Async stack traces in folly: Synchronous and asynchronous stack traces

September 23, 2021ByLee Howes

This article was written by Lee Howes and Lewis Baker from Facebook.

This is the second in a series of posts covering how we have used C++ coroutines at Facebook to regain stack traces for dependent chains of asynchronous waiting tasks. In the previous blog post we talked about the work we have done to implement stack traces for asynchronous coroutine code. Here we’ll go into more detail on the technical differences and challenges involved in implementing async stack traces on top of C++ coroutines, compared with traditional stack traces.

Normal synchronous stack traces

With normal stacks, when you call a function the compiler generates code that automatically maintains a linked list of stack frames and this list represents the call stack. At the start of each frame is a structure that (at least on Intel architectures) looks like this:

struct stack_frame {
  stack_frame* nextFrame;
  void* returnAddress;
};

This structure is usually filled out by specialised assembly instructions. e.g. in x86_64, a caller will execute a call instruction, which pushes the return address on the stack and jumps to the function entry point. Then the first instructions of the callee pushes the ebp register (which usually holds the pointer to the current stack_frame structure) onto the stack and then copies the esp register (which now contains the pointer to the stack_frame structure we just populated) into the ebp register.

For example:

caller:
  ...
  call callee         # Pushes address of next instruction onto stack,
                      # populating 'returnAddress' member of 'stack_frame'.
                      # Then jumps to 'callee' address. 
  mov rsp[-16], rax   # Save the result somewhere
  ...
 
callee:
  push rbp           # Push rbp (stack_frame ptr) onto stack (populates 'nextFrame' member)
  mov rbp, rsp       # Update rbp to point to new stack_frame
  sub rsp, 16        # Reserve an additional 16 bytes of stack-space
  ...
  mov rax, 42        # Set return-value to 42
  leave              # Copy rbp -> rsp, pop rbp from stack
  ret                # Pop return address from top of stack and jump to it

When a debugger or profiler captures a stack trace for a given thread, it obtains a pointer to the first stack frame from the thread's ebp register and then starts walking this linked list until it reaches the stack root, recording the return addresses it sees along the way in a buffer.
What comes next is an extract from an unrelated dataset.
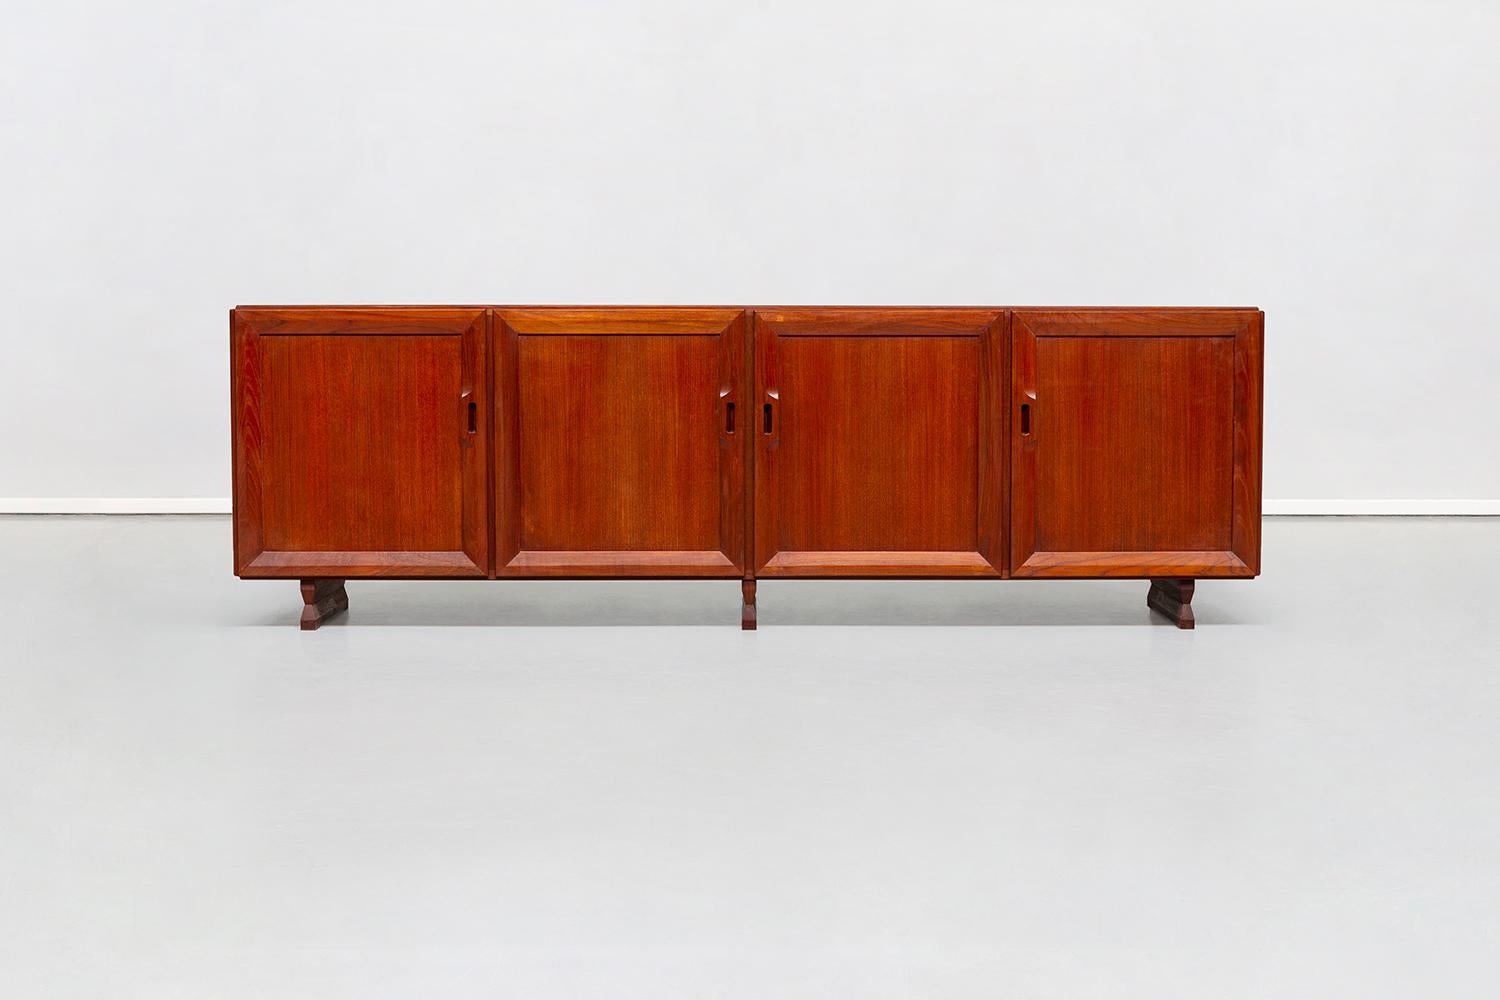 Midcentury MB15 sideboard in teak by Franco Albini for Poggi, 1957
Italian sideboard designed by Franco Albini for Poggi in the end of 1950s, with four doors that opens many spaces, each with its own shelf inside. Finely finished, a great wood

Subsequent profiling tools may then translate the addresses to function names and/or file+line numbers using a symbolizer that makes use of debug info for the binary, and this information may be logged or displayed as useful for the tool in question.

Usually these stack frames live in a single contiguous memory region and the data structure looks a bit like this:

If we want to walk the async-stack trace instead of the normal stack trace then we still want to first start walking normal stack frames just like we do for a normal stack trace. A coroutine may call normal functions and we want to include the frames for these normal function calls in the stack trace. However, when we get to the frame corresponding to the top-most coroutine (in this case coro_function_1) we do not want to follow the 'nextFrame' link into the coroutine_handle::resume method as the normal stack walking would. Instead we need a link to the waiting coroutine. At this point in the trace the histories for the normal stack trace and the async-stack trace diverge. To walk an async-stack trace involves answering a few questions:

How do we identify which stack frames correspond to async frames?
How do we find the address of the next async frame?
How and where do we allocate storage for the async frame data?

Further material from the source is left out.